Church and state: Giving the devil his due
If Oklahoma’s government wants to promote Christianity, it will have to give equal time to Satan.
If Oklahoma’s government wants to promote Christianity, said Amanda Marcotte in Salon.com, it will have to give equal time to Satan. Last week, a prankster group calling itself the Satanic Temple unveiled a proposal for a monument to be erected outside the state Capitol: A 7-foot-tall goat-headed demon relaxing on a pentagram-engraved throne, with smiling children at its side. “Hilarious as the statue is, it was designed to make a serious point.” A Ten Commandments monument was placed on Capitol grounds in 2012, so unless the legislature wants to be seen as endorsing Christianity—violating the Constitution’s prohibition on state-sanctioned religion—it has to make public property available to all religions. In making that point, I just wish the faux Satanists were “a little more tasteful,” said Robin Abcarian in the Los Angeles Times. When you’re walking across the Capitol’s deserted lawn at dusk, you don’t want to run into a “horned creature right out of the scary part of Ghostbusters.”
This pagan idol is never, ever going to be installed, said Jim Treacher in DailyCaller.com. First of all, the state legislature is refusing to sign off on any new monuments, since courts have yet to rule on an American Civil Liberties Union lawsuit against the Ten Commandments statue. But erecting a tribute to Beelzebub was never really the Satanic Temple’s aim. This is a sophomoric provocation—“a big ‘F--- you, Dad!’ to the rest of America.” Yet it’s disturbing to see liberals rally around the Satanists, said Robert Knight in The Washington Times. They’ve been so blinded by the ideology of equality—in which same-sex “marriages” are identical to the real thing—that they now believe God and Satan, good and evil, “are the flip sides of each other, roughly equal.”
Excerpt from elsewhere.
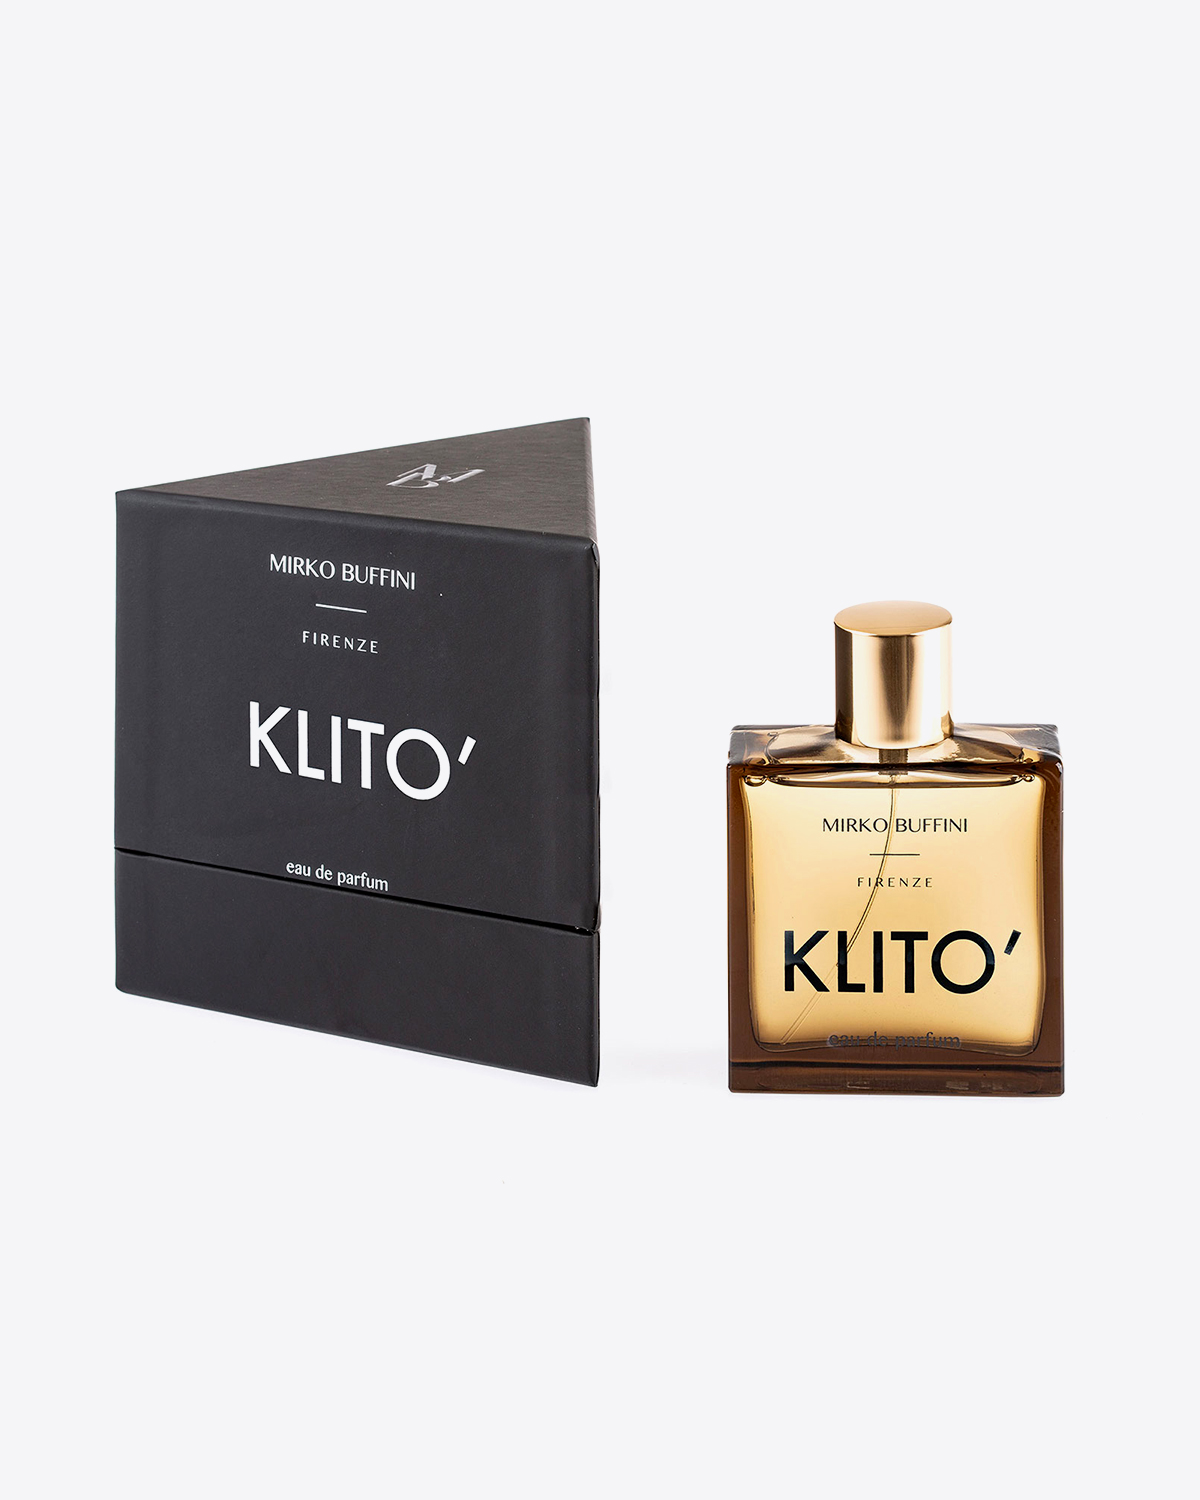 Parfum Klito Mirko Buffini. Flacon de 100 ml vendu avec sa boite rectangulaire noire. Collection Black.

When it comes to religion, “the government can’t play favorites,” said Steve Benen in MSNBC.com. “There are, after all, no second-class American citizens when it comes to the First Amendment,” which is why other groups—from Hindus to the satirical Church of the Flying Spaghetti Monster—are now demanding a space at the Capitol. Oklahoma’s legislature might not like all this multicultural clutter on their state lawn. But they opened the door with the Ten Commandments tablet, “and it’s going to get crowded as others walk through it.”